The structural gene for ICAM-1 maps to 19p13.3-p13.2 (33 cM) and numerous SNPs have been identified within the seven exons of this gene. Register et al. discovered that the T-allele of rs5491 alters a critical binding site of ICAM-1 interfering with the monoclonal antibody used in the R&D Systems assay to bind to the protein, the same assay that was used to measure sICAM-1 in our study population. These researchers identified the assay problem by genotyping an individual who had no detectable sICAM-1 using the R&D Systems assay and high levels of sICAM-1 using an alternative assay. They determined that the individual was homozygous for the rs5491-T allele20. The T-allele of rs5491 is associated with 50% lower sICAM-1 levels for heterozygotes and undetectable levels in homozygotes using the R&D Systems assay.

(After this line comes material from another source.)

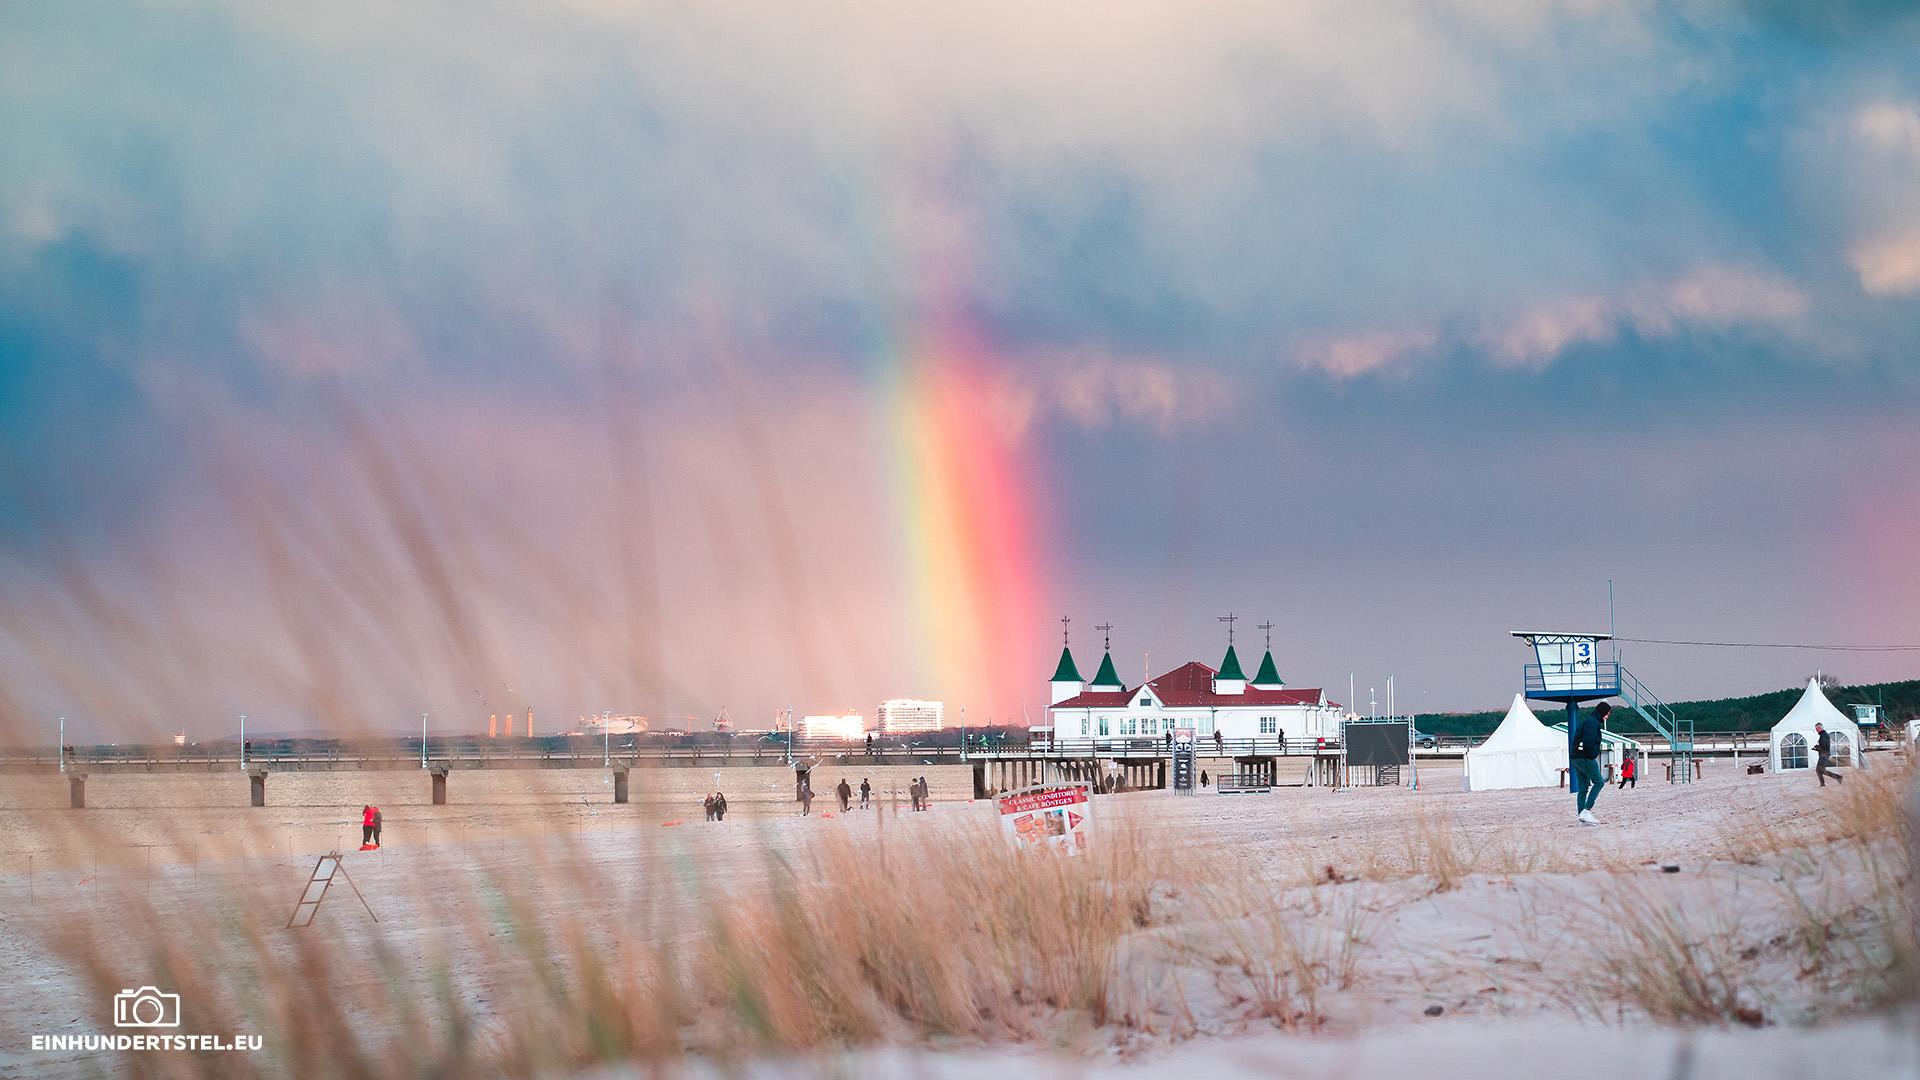 Regenbogen hinter der Seebrücke Ahlbeck auf Usedom.

NCBI SNP cluster report lists T-allele frequencies of 0–1% for Europeans and 20–25% for African Americans. Therefore it is conceivable that the strong linkage signal over the ICAM gene cluster in whites could be the result of a small number of pedigrees transmitting the T-allele. To test this hypothesis, we genotyped the 10 pedigrees (n = 83) providing the highest pedigree-specific LOD scores (LOD > 0.28). We also genotyped 3 black pedigrees (n = 11) that included at least one member with undetectable sICAM-1 according to the R&D Systems assay. All 83 whites were homozygous for the A-allele indicating that the significant linkage peak on chromosome 19 was not likely due to transmission of the rs5491-T allele. As expected, all blacks with no detectible sICAM-1 levels (n = 6) were homozygous for the T-allele and all blacks with sICAM-1 approximately 50% lower than the population average (200 ng/ml) were heterozygous (n = 5).

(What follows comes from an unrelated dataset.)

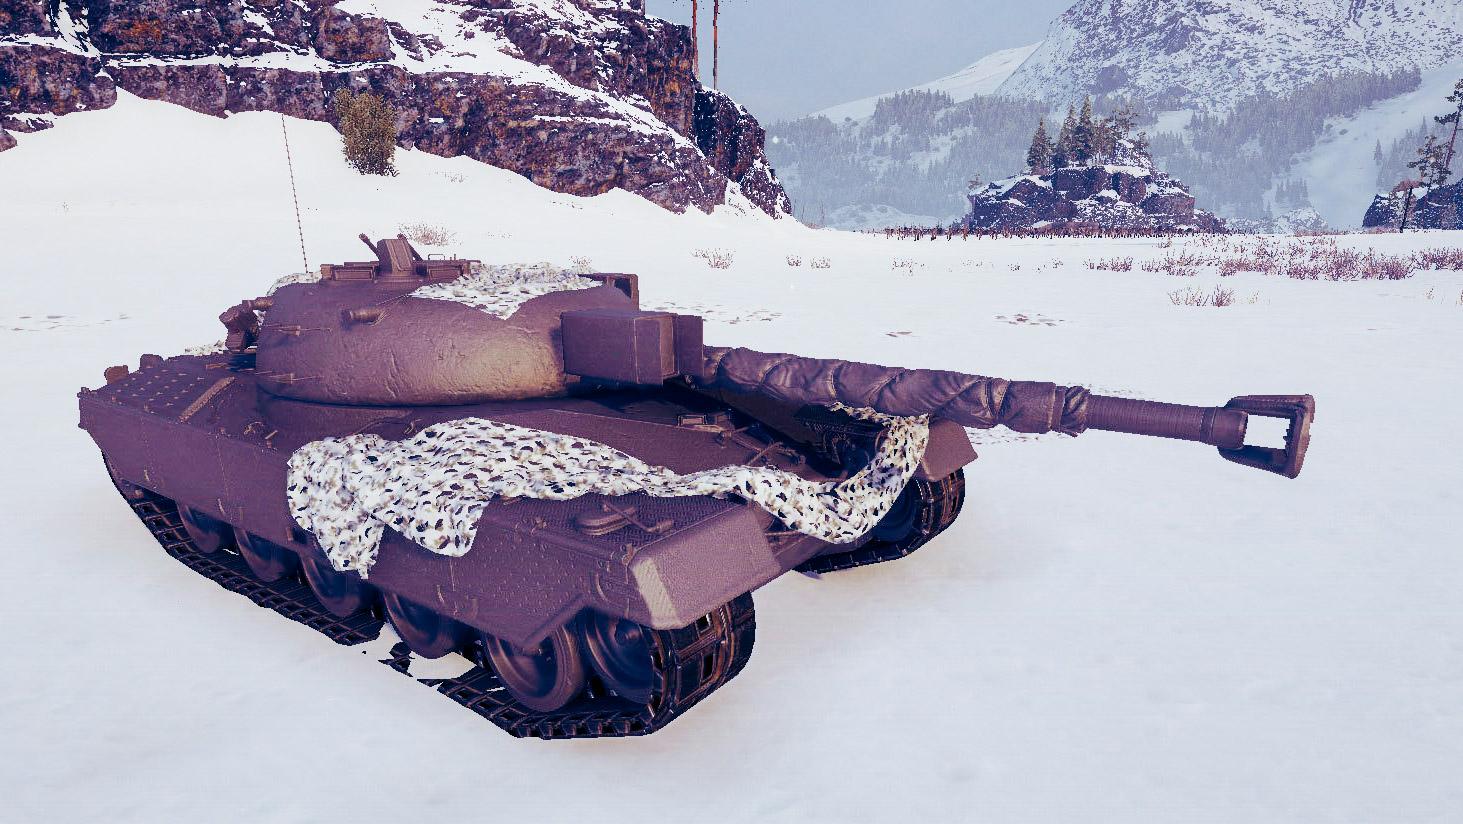 Kampfpanzer 50 t — главная награда за Ранговые бои в 2019 году

Having ruled out rs5491 as responsible for the linkage on chromosome 19 observed in whites, further characterization of ICAM-1 is needed to determine if other variants are responsible for linkage. Two other ICAM-1 SNPs, rs5498 and rs1799969, are non-synonymous and polymorphic in whites, with minor allele frequencies of 44% and 8%, respectively (HapMap). A lysine to glutamic acid substitution, in exon 6 (rs5498) has been correlated with serum sICAM-1 levels in a case control study of childhood asthma21.
There are several other candidate genes under the linkage peak that could be responsible for the linkage peak including the LDL receptor (LDLR), several members of the tumor necrosis factor superfamily, and resistin. LDL receptors are critical in the metabolism of LDL cholesterol and variants affecting the function of LDLR cause familial hypercholesterolemia. Other, less catastrophic variants on LDLR, have been shown to cause increased levels of LDL22. Higher levels of LDL lead to higher levels of oxidized LDL and oxidized LDL has been shown to stimulate the expression of ICAM-123. Tumor necrosis factor molecules are involved with immune regulation and inflammation and therefore, could influence sICAM-1 levels. Resistin is an adipocytokine that is expressed in white adipose tissue, has been found to induce expression of ICAM-1in a dose dependent manner in human aortic endothelial cells24, and SNPs in the resistin gene have been association with serum resistin level25.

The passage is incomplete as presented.